Further, allowance of set off in the hands of the firm is subject to the condition that the partner continues in the said firm in the relevant subsequent year. Supposing the partner retired from the firm, such set off cannot be allowed in the hands of the firm, as per the amended provision. From the return filed by the assessee in this case, it does not appear clear whether he retired from the firm in the year of account relevant for the assessment year 1994-95, or whether he continued. No share income from the firm is included in the intimation under section 143(1)(a). So, it appears that the assessee retired from the firm.
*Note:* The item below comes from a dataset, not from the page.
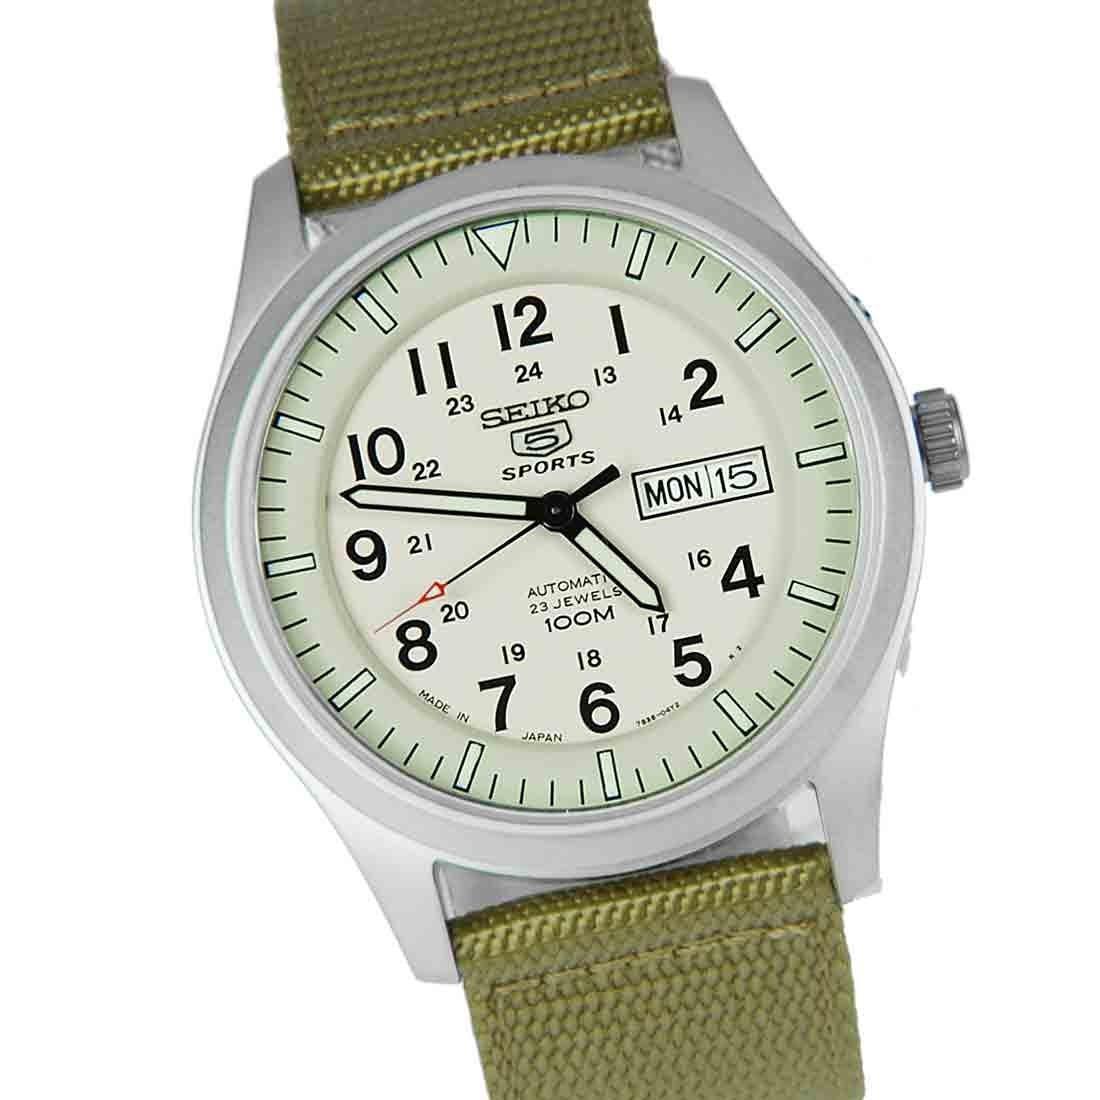 Часы Seiko 5 Military SNZG07J1 Automatic 7S36

At any rate, it is a matter for verification, which can be ascertained only on the issue of a notice under section 143(2), and such issue of notice under section 143(2) is precluded in terms of section 143(1)(a). If the assessee had retired from the firm, then the question arises whether in such a situation, the share of losses allocated to him in the earlier years can be carried forward and set.

off against his other income in subsequent years. That question is a matter, on which there can be debate.

I am aware of the decision of the Apex Court in the case of Garden Silk Weaving Factory v. CIT (1991) 189 ITR 512 (SC), wherein in the context of the preamended provisions of section 32(2), it was held, as per the relevant portion of the head-notes, as under: "It is therefore, clear that section 32(2) contemplates a situation where unabsorbed depreciation in the hands of the firm is too large to get absorbed, first, in the hands of the firm and then, after apportionment, in the hands of the partners, what remains thereafter has obviously to be carried forward by the firm which is the assessee referred to in the sub-section." The above position, as laid down by the Apex Court is applicable in the context of the pre-amended provisions of section 32(2) and that section has also been subsequently amended with effect from 1-4-1993. So, it cannot even be held that in the light of the decision of the Apex Court in the case of Garden Silk Weaving Factory (supra), it is established law that the share of loss allocated to a partner has to be necessarily allowed in the hands of the firm.

For the foregoing reasons, I am of the view that the adjustment made by the assessing officer is beyond the scope of the provisions of section 143(1)(a), and consequently the Commissioner (Appeals) was not justified in sustaining the said disallowance. I accordingly set aside the impugned order of the Commissioner (Appeals), and delete the adjustment made by the assessing officer.